Optical character recognition (OCR) technologies are advancing fields like pattern recognition, machine learning, and artificial intelligence. However, character recognition is solely dependent on line and/or character segmentation. This becomes challenging when it encompasses online or offline cursive characters, and even more challenging when characters touch. This paper addresses this issue.
The authors consider the segmentation of touched characters and categorize the methods into two classes: explicit and implicit character segmentation. Further, they observe six different types of problems related to touched character segmentation and stress the recognition-based segmentation technique. The authors found that overdetection, underdetection, heavily touching characters, and several detected valleys affect the segmentation performance of explicit methods. In addition, “two character candidates absent in touched character pattern,” “single character as touched characters,” and “touching character indifferent as two candidate characters” are the remaining problems in implicit segmentation methods.

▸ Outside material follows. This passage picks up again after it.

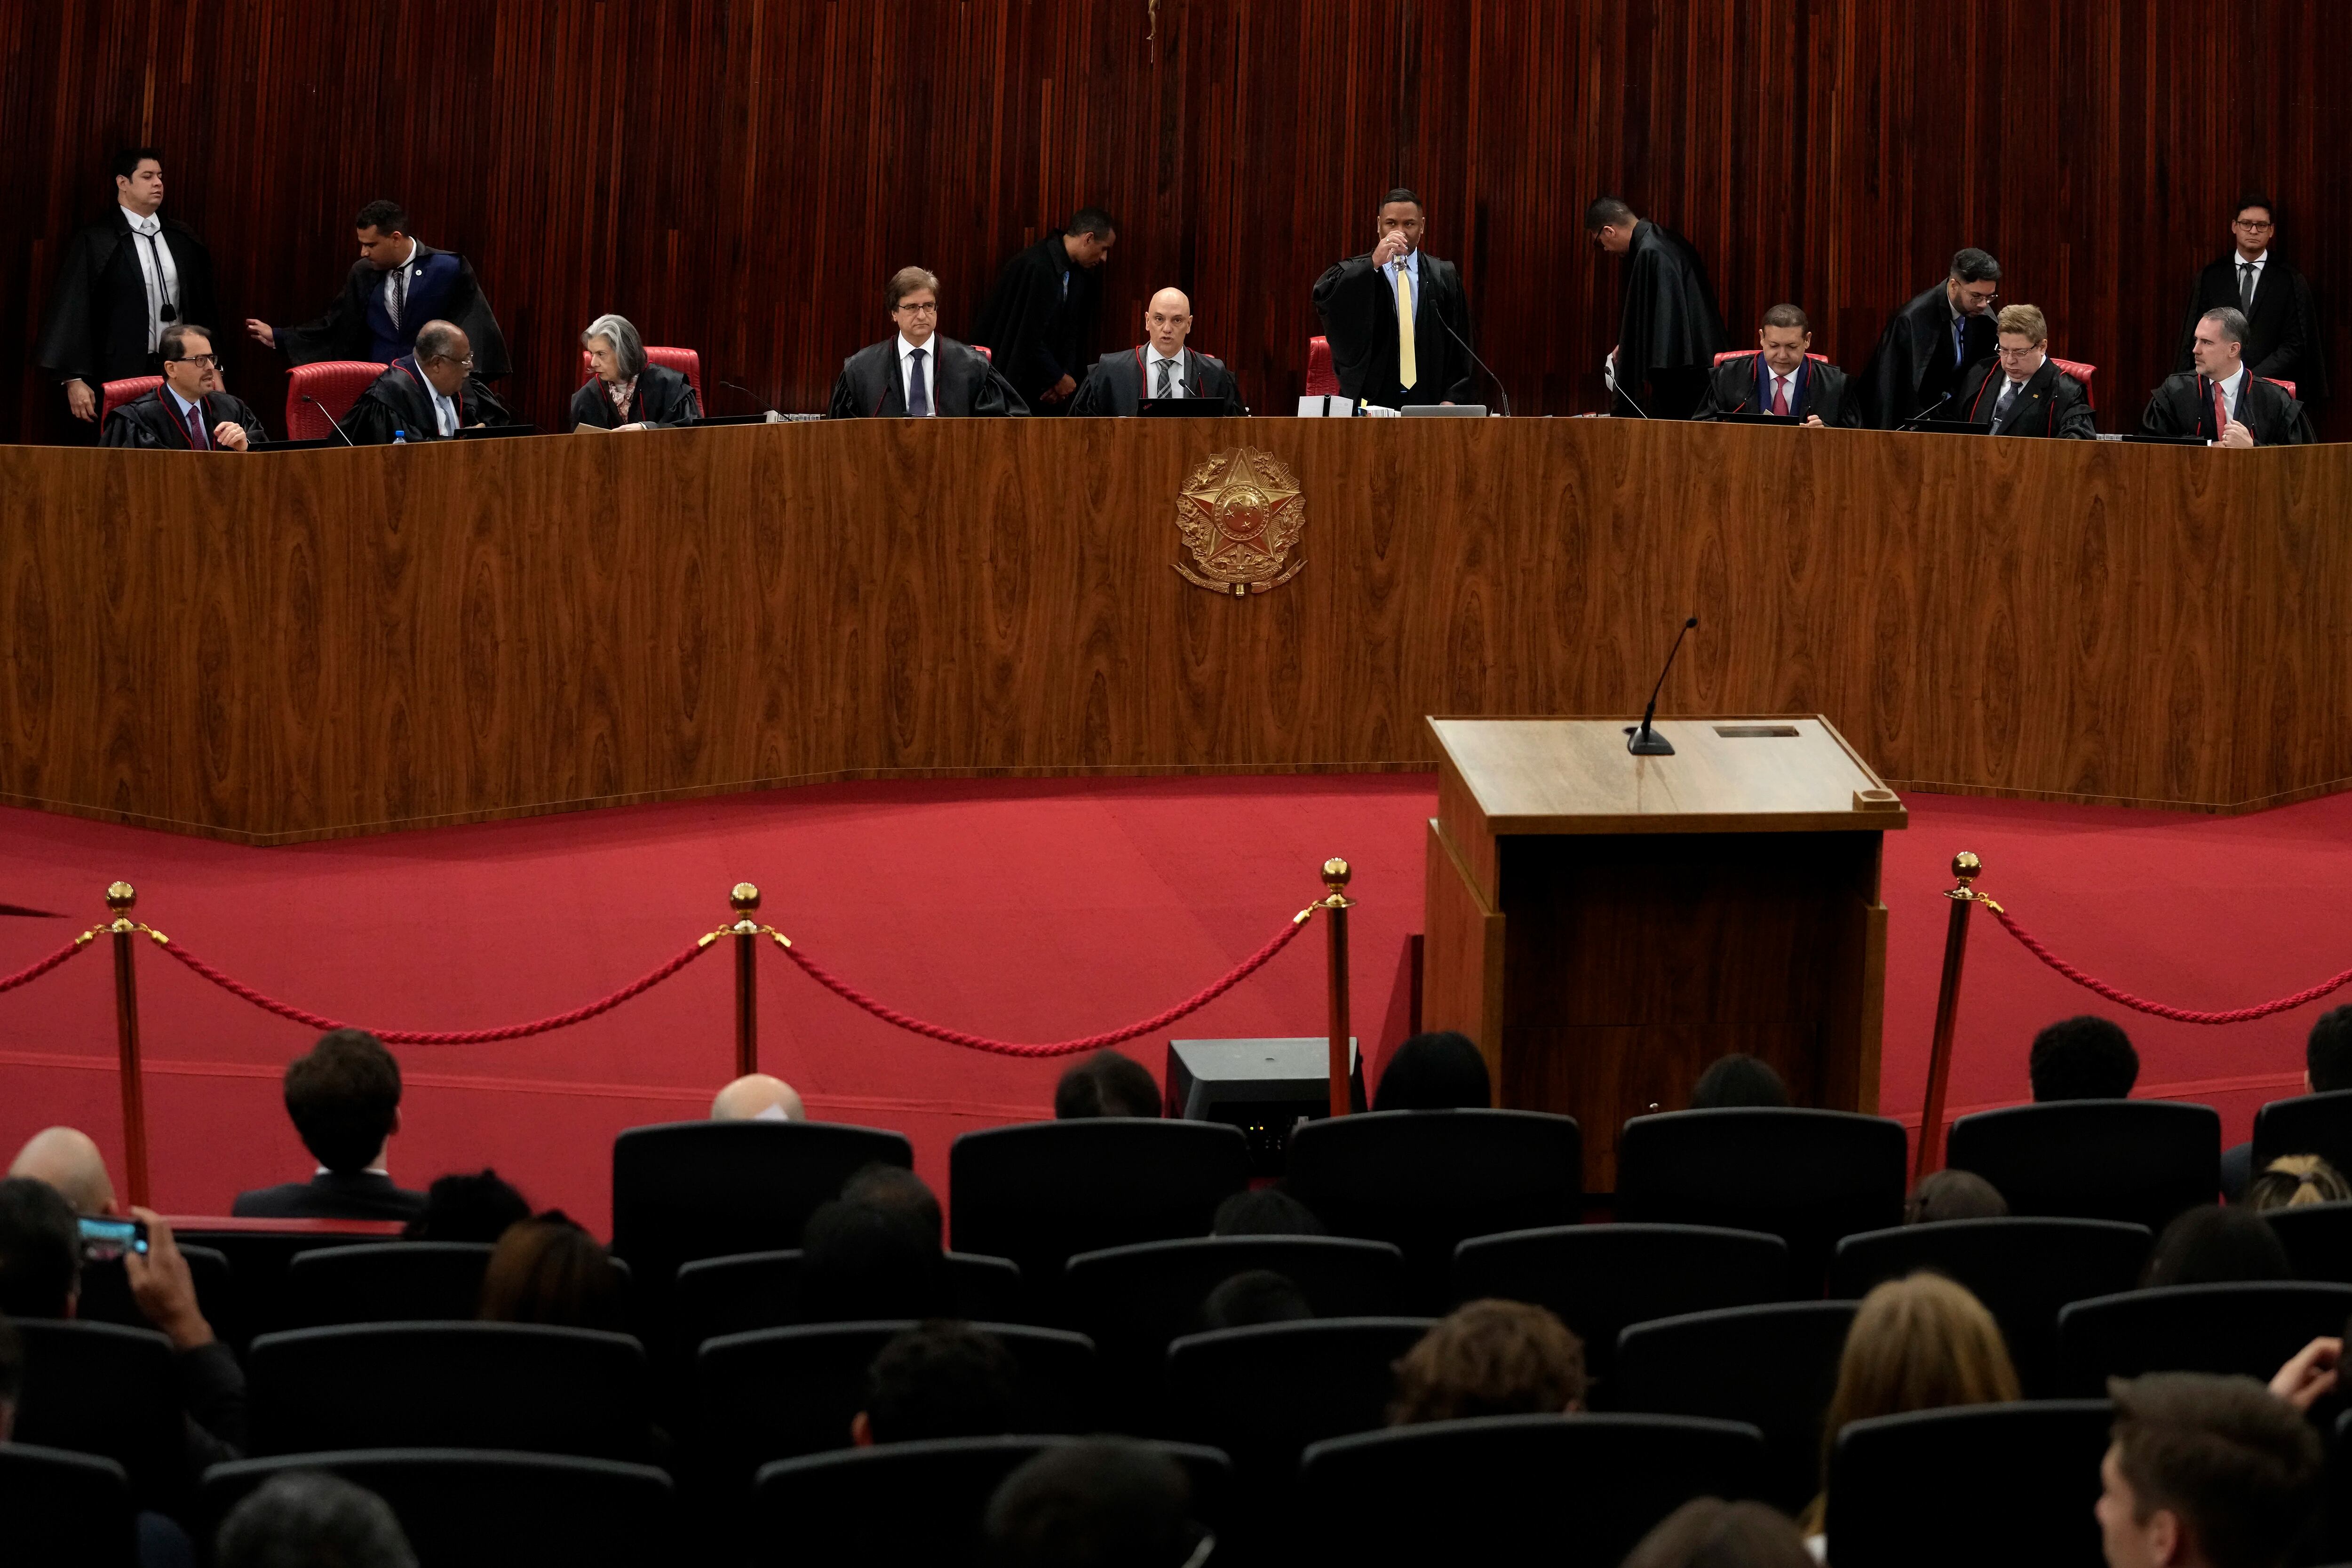 El ministro del Supremo Tribunal Electoral, Alexandre de Moraes, centro, preside el inicio del juicio al ex presidente Jair Bolsonaro en el Supremo Tribunal Federal, en Brasilia (AP Foto/Eraldo Peres)

The authors perform comparative evaluations of the methods and focus on the pros and cons of each. They claim to have calculated segmentation rates and provide discussions on the test data and the methods involved. The authors specifically highlight applications like bank check recognition, postal services, and pharmaceutical services that have relatively small data sets. The authors also speculate on the possibility of having systems that can process data faster and produce precise results in a reasonable amount of time.
This paper focuses on theoretical concepts of character segmentation and their real-time implementations to OCR, making it worth reading.